— Given information —
▼▼▼

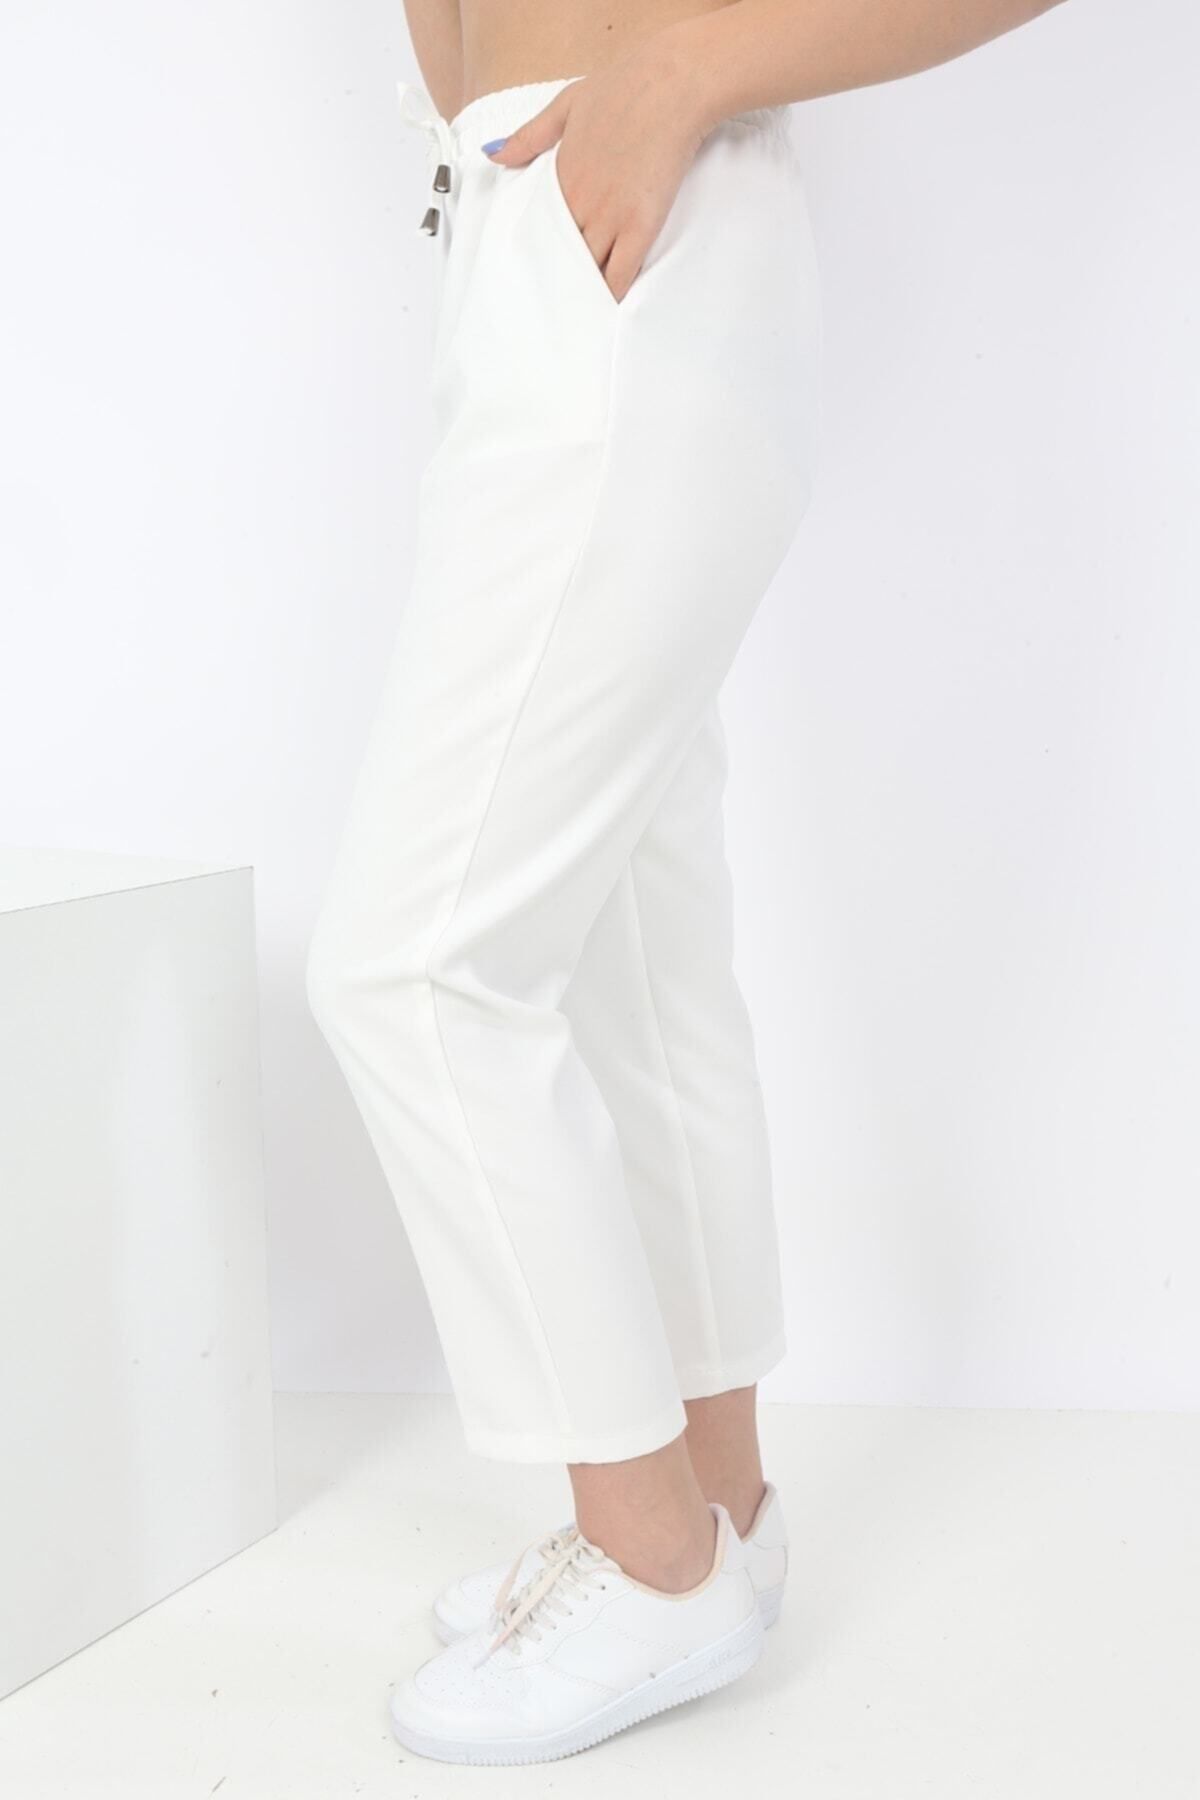 freedom fashion Kadın Beyaz Double Kumaş Beli Lastikli Dar Paça Pantolon
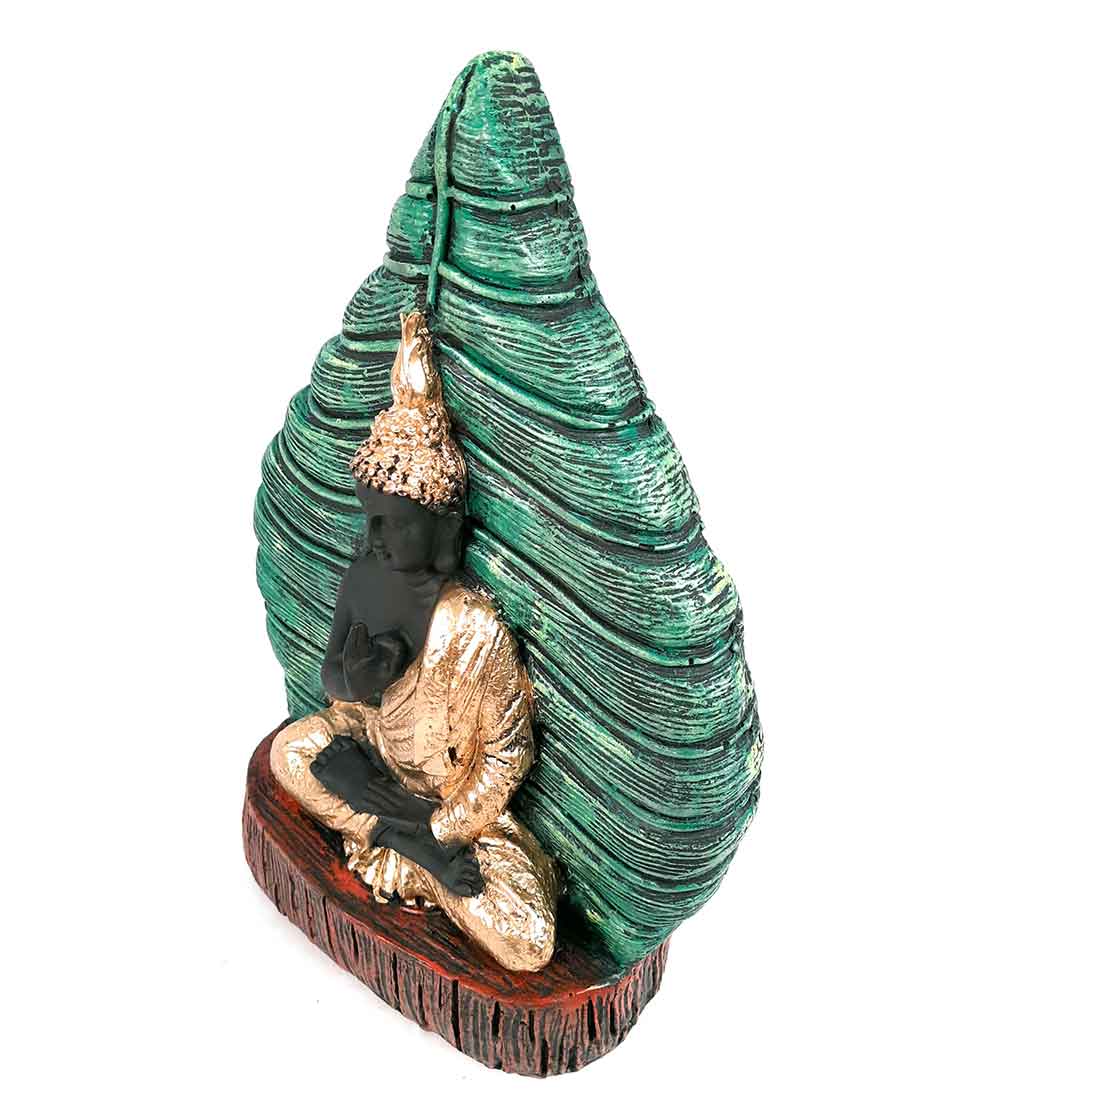 Meditating Buddha Showpiece - for Home Decor & Gifts -Apkamart #Style_Style3
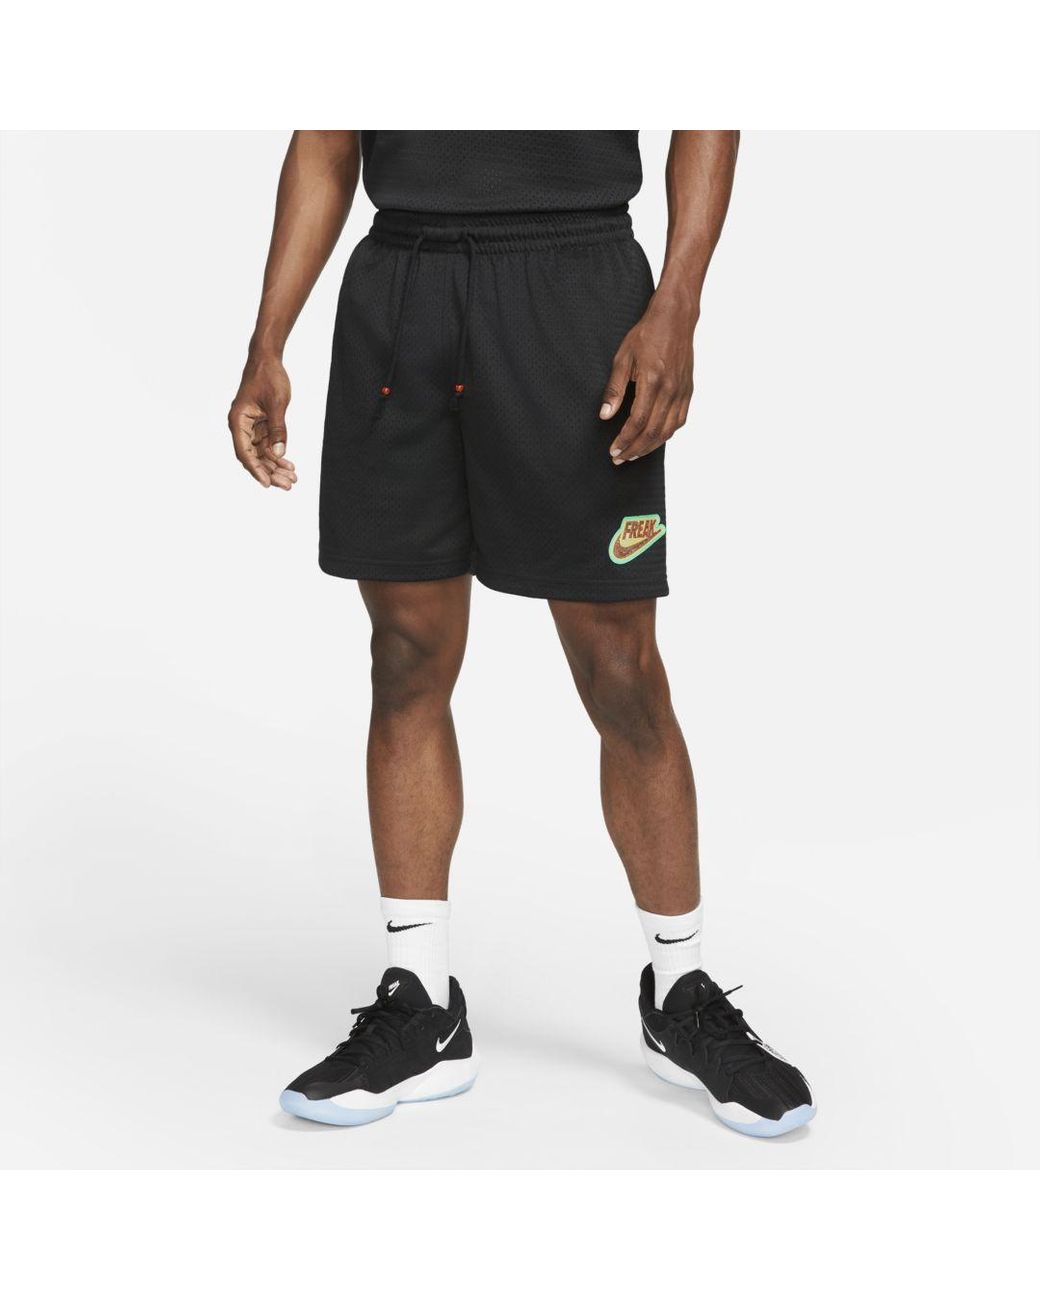 Nike Giannis Mesh Basketball Shorts in Black | Lyst

▲▲▲

— Aim of the exercise —
All that's required is the material above repeated exactly, minus any picture.

— Written answer —
 freedom fashion Kadın Beyaz Double Kumaş Beli Lastikli Dar Paça Pantolon
 Meditating Buddha Showpiece - for Home Decor & Gifts -Apkamart #Style_Style3
 Nike Giannis Mesh Basketball Shorts in Black | Lyst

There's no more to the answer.